This may be a benefit, because you may use thread_pool
library for vectorization-unsafe tasks.
Entity | Representation | Description |
---|---|---|
kDefaultWorkers |
Constant | The default number of worker threads (min 5, max 32). |
EmptyInitializer |
Type | Empty initializer for worker thread (stateless, does nothing). |
Timeout |
Type | Timeout for blocking operation in seconds. |
kNoTimeout |
Constant | Represents the lack of timeout. |
TimeoutError |
Type | Timeout error. Raises if blocking operation timeout occurs. |
All functionality encapsulates within the pool::ThreadPoolExecutor
class.
Nested types and constants:
Entity | Representation | Description |
---|---|---|
Future<F> |
Type | Deduces std::future type returned by Submit() depends on the task signature. |
Iterator<F> |
Type | Deduces forward iterator type returned by Map() depends on the task signature. |
kWorkersNum |
Constant | Actual number of worker threads within a pool. |
Class methods:
Method | Description |
---|---|
ThreadPoolExecutor() |
Creates a thread pool with the default number of worker threads and without timeout for blocking operations. |
ThreadPoolExecutor<ArgTypes...>(unsigned workers_num, Timeout timeout_sec, ArgTypes &&... initargs) |
Creates a thread pool with the specified number of worker threads and timeout. If the initializer is specified, it will be created for every worker thread and passed as a first argument to fn . |
~ThreadPoolExecutor() |
Terminates worker threads (if not already done). |
Future<F> Submit<F, ArgTypes...>(std::function<F> fn, ArgTypes &&... args) |
Schedules the callable, fn , to be executed as fn(args...) . Nonblocking. Returns a std::future object representing the execution of the callable. |
Iterator<F> Map<F, Iters...>(std::function<F> fn, Iters... its) |
Returns an iterator that asynchronously applies callable, fn , to all items in iterables. Nonblocking (but retrieving item from iterator is blocking). The returned iterator raises a TimeoutError if the result isn’t available after timeout seconds from the dereferencing call. |
Iterator<F> Sentinel<F>() const |
Returns an old-style sentinel, which has the same type as the iterator returned by Map() . For the new-style sentinel, use std::default_sentinel . |
void SetTimeout(const Timeout sec) |
Sets timeout for the item retrieving via the Map() iterator. |
Timeout GetTimeout() const |
Gets timeout for the item retrieving via the Map() iterator. |
void Shutdown(bool wait = true, bool cancel_futures = false) |
Terminates all worker threads. If wait == true , then the call is blocking, and the method returns only after all worker threads are terminated. If cancel_futures == true , then the executor cancels all pending tasks; otherwise, thread termination occurs after all tasks are processed. There is no way to cancel tasks that have already started to execute. |
thread_pool
is hardly tested with gtest
framework. Every public method has at least one test case.

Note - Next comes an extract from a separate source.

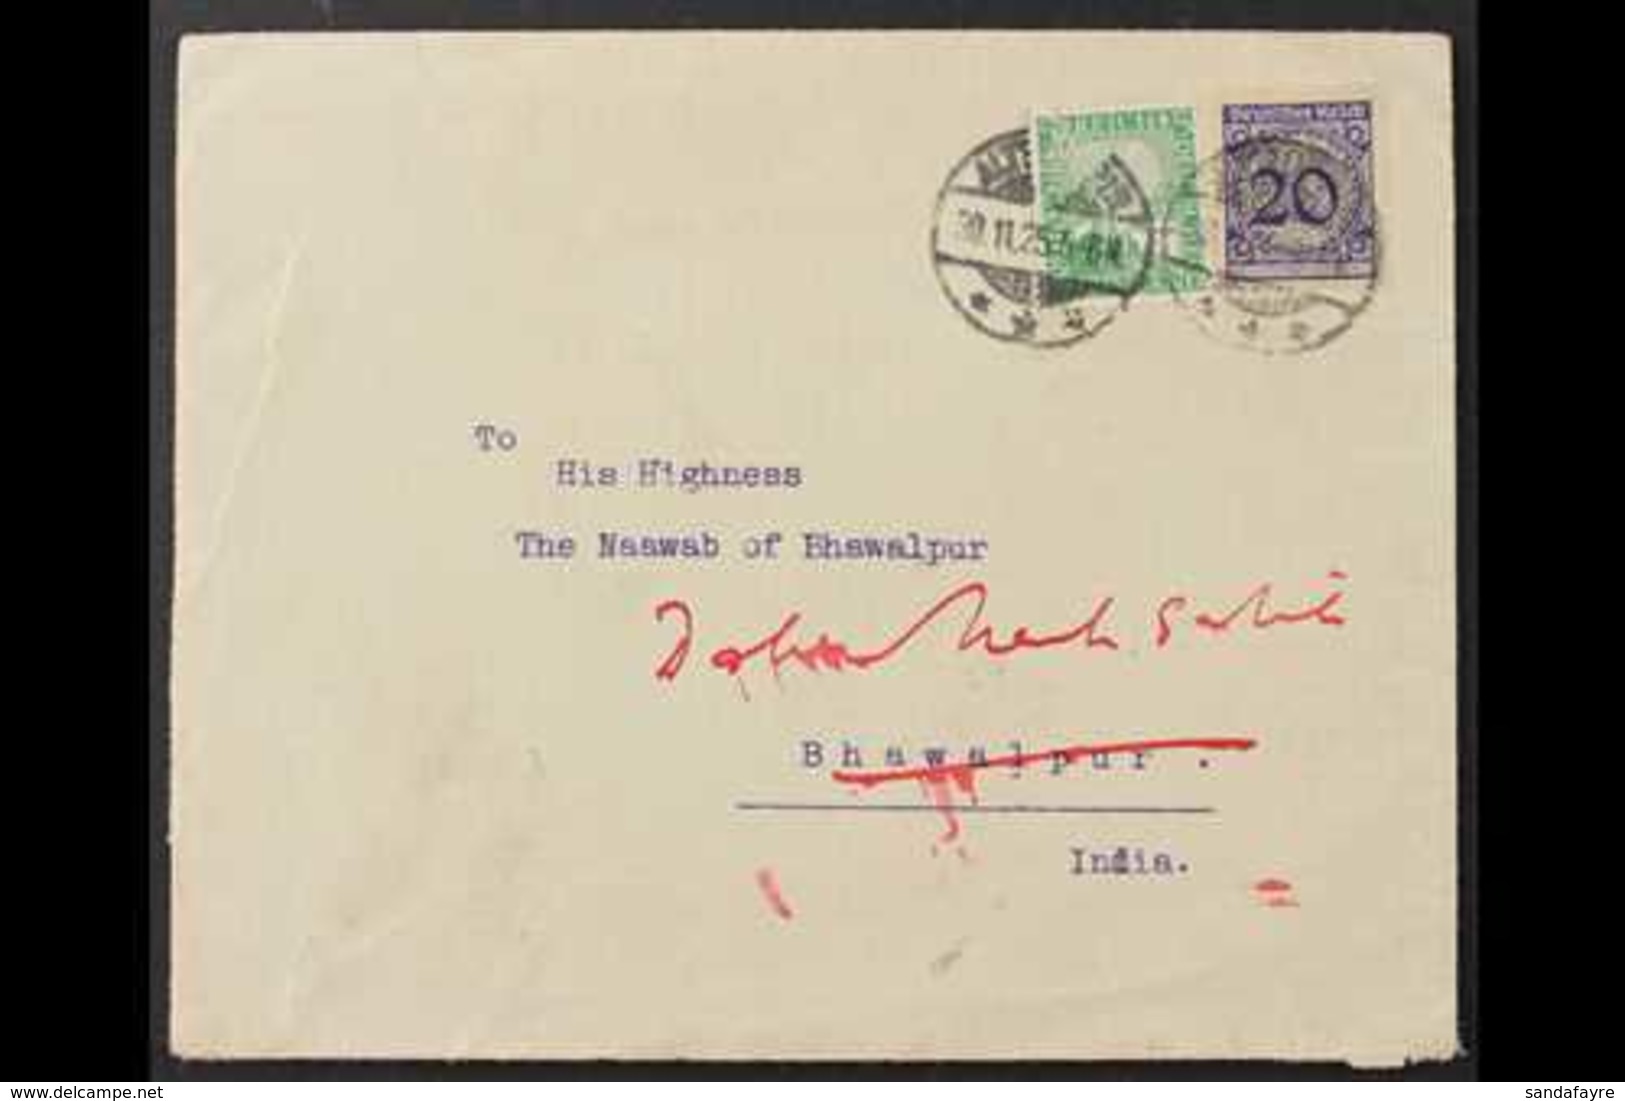 1925 (Nov) Scarce Inward Cover From Germany, Addressed To The Naawab, With Bahawalpur Arrival Cds On Reverse, Some Rough - Bahawalpur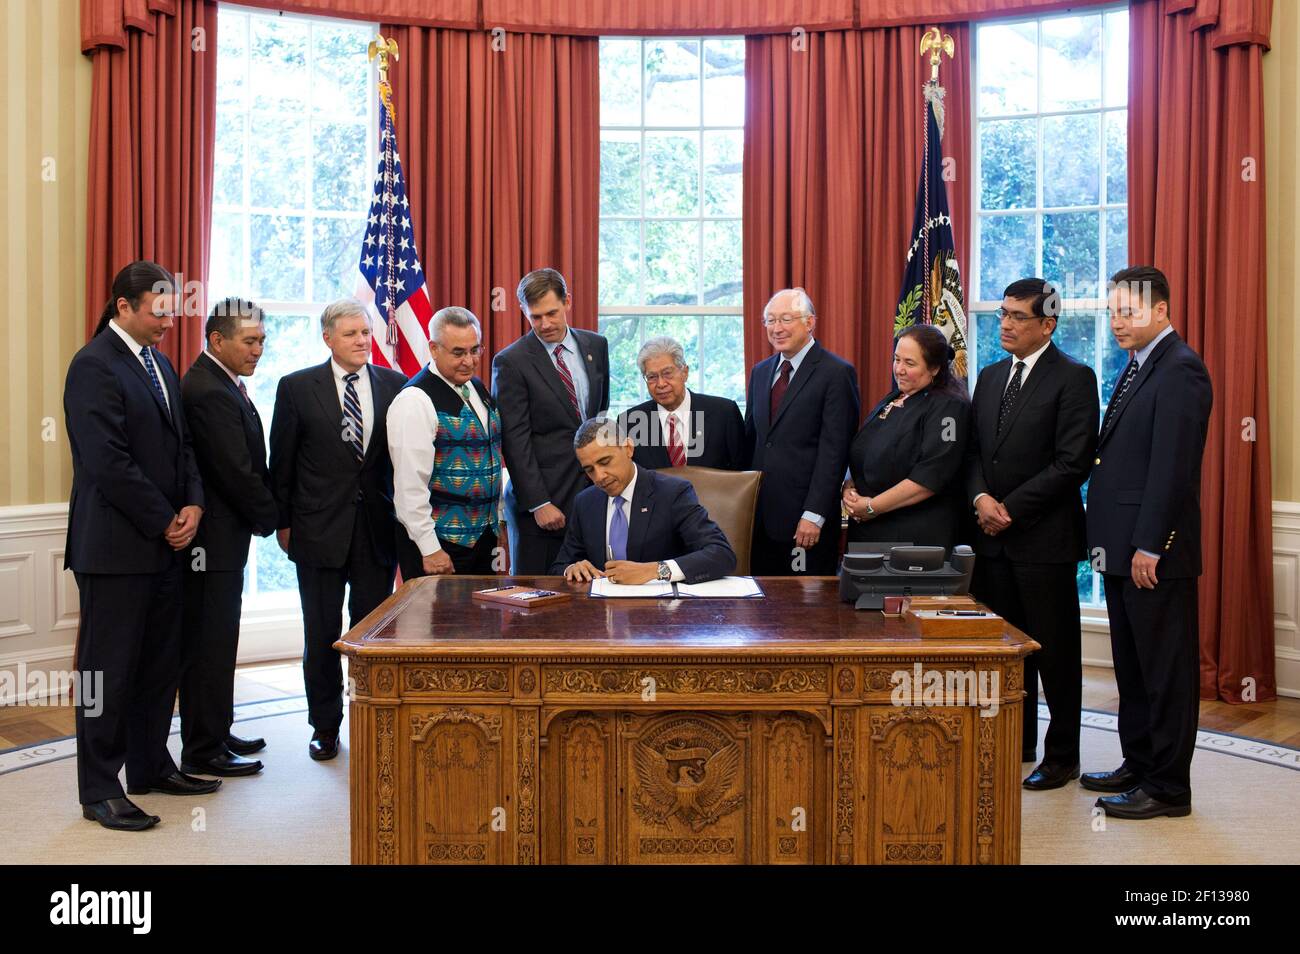 President Barack Obama signs H.R. 205 HEARTH Act of 2012 in the Oval Office July 30 2012. Standing behind the President from left are: Bryan Newland Senior Policy Advisor at the Department of the Interior; Governor Randall Vicente Pueblo of Acoma in New Mexico; David Hayes Deputy Secretary of the Department of the Interior; Jefferson Keel President of the National Congress of American Indians; Rep. Martin Heinrich D-N.M.;  Sen. Daniel Akaka D-Hawaii; interior Secretary Ken Salazar; Cheryl Causley Chairperson of the National American Indian Housing Council; Governor Gregory Mendoza Gila River I Stock Photo

Obviously, it doesn't exclude potential bugs. If you find one, feel free to make an issue on GitHub.
thread_pool
is a header-only library. You can include it in your project without special compile/link steps.
The CMake files are provided for thread_pool_test.cpp (unit tests) and main.cpp (usage example).
thread_pool
is licensed under the MIT License, see LICENSE.txt for more information.